Having half your body go dead and trying to sleep it off is dumb.
Bringing your husband an aspirin and going to bed is dumb.
Is that unsympathetic of me to say? Unempathetic, maybe. But not unsympathetic because I do pity this woman and her husband, who—frankly—is not going to leave the hospital alive.
But they did a dumb thing, and not dumb like driving after a couple of beers kind of dumb. That kind of dumb is like voting. You think you understand the risks involved and you take them. That’s part of being human, misunderstanding the risks.
This kind of dumb is driving after a couple of beers, hitting an old man and dumping his body in your neighbor’s lawn kind of dumb. It’s a rolling the dice, getting snake eyes and trying to quietly pick up your bet and lurk away from the table without security stopping you kind of dumb.
And now I am playing the role of the neighbor, waking up to get my newspaper and seeing a heap of a figure lying on my lawn. I am the security guard that has to put my hand on her shoulder and say, “excuse me ma’am, I can’t let you walk away from the situation.”
Are they just dumb?

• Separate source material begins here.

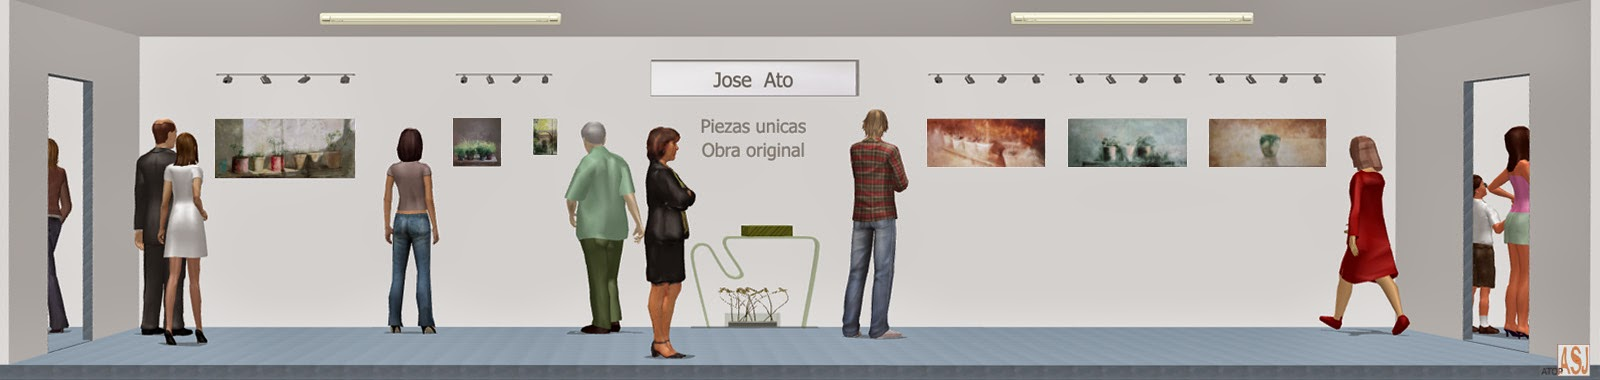 "<img src="" http://1.bp.blogspot.com/-H4fObkxJUnc/U8BjYgtGg-I/AAAAAAAAaeA/PTa_dMi9lFI/s1600/jose-ato.jpg "" alt=""sala de exposición virtual de pinturas de José Ato""/>"

Is it simple denial? Maybe I don’t know. I do know it’s nothing new, and I certainly have no time for people who say it is confined to “Americans.”
But after I tell her everything that needs to be told, and I prepare the equipment to intubate this man, this infuriatingly dumb man, I hear them as she leans close to her husband’s ear and they say words that I have no right to repeat.
And I am focusing on the weight of the Miller laryngoscope in my left hand and I am focusing on seeing his vocal cords so I can pass a seven and a half endotrachial tube through them and down his throat and I am trying not to think of the 37 years that this couple had together.
I am trying not to think of the words that this husband told his wife of 37 years while I call out for meds and vent settings and x-rays.
I am trying not to think that they are the last words that this man will tell his wife. Ever.
1 Comments:
2/22/2006
Anonymous writes:
You know which author your writing reminds me of? Stephen King. That's right. Now don't be offended, my intention was not to insult you. But I do have one question: do you write any fiction?